» Problem to solve: Wherever the string "Nike" appears in the listing, copy that line.

————————

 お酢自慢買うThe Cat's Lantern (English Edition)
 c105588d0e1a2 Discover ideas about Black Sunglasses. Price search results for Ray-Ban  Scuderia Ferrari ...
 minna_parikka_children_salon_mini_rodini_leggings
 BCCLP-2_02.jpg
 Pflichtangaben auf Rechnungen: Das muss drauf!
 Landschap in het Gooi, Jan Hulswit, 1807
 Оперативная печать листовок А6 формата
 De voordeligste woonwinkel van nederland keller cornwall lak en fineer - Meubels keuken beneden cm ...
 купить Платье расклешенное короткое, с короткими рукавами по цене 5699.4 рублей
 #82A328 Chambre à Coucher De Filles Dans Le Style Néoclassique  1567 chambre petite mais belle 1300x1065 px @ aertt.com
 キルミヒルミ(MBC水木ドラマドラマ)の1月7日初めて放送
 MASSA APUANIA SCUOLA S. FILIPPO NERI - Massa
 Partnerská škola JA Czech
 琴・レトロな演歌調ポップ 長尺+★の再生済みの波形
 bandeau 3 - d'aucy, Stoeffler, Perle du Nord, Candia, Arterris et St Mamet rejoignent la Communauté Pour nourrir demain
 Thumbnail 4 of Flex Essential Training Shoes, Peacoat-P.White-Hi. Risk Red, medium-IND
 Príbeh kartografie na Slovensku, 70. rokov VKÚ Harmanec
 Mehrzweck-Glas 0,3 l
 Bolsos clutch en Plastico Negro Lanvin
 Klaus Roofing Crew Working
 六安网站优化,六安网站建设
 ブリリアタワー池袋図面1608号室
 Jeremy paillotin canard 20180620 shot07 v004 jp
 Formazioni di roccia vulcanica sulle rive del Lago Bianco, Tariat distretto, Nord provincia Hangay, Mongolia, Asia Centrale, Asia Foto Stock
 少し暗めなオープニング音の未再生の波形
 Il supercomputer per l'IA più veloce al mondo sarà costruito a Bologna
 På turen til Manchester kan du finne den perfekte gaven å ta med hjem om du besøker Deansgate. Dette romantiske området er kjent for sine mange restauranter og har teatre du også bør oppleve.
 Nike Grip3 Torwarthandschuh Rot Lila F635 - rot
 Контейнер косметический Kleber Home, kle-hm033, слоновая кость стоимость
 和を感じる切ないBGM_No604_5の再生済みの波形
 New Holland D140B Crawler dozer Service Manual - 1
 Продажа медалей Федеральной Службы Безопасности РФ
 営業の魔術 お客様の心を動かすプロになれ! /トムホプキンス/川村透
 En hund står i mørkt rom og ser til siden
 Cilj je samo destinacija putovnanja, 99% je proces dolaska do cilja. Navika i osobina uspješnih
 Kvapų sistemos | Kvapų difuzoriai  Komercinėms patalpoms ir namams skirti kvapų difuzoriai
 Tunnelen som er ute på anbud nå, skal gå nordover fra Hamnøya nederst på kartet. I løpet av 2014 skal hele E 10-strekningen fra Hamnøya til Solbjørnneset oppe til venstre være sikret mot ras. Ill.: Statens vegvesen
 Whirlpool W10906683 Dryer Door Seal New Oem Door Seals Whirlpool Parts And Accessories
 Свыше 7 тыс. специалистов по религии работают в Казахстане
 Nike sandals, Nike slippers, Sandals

————————

» Solution:
 Nike Grip3 Torwarthandschuh Rot Lila F635 - rot
 Nike sandals, Nike slippers, Sandals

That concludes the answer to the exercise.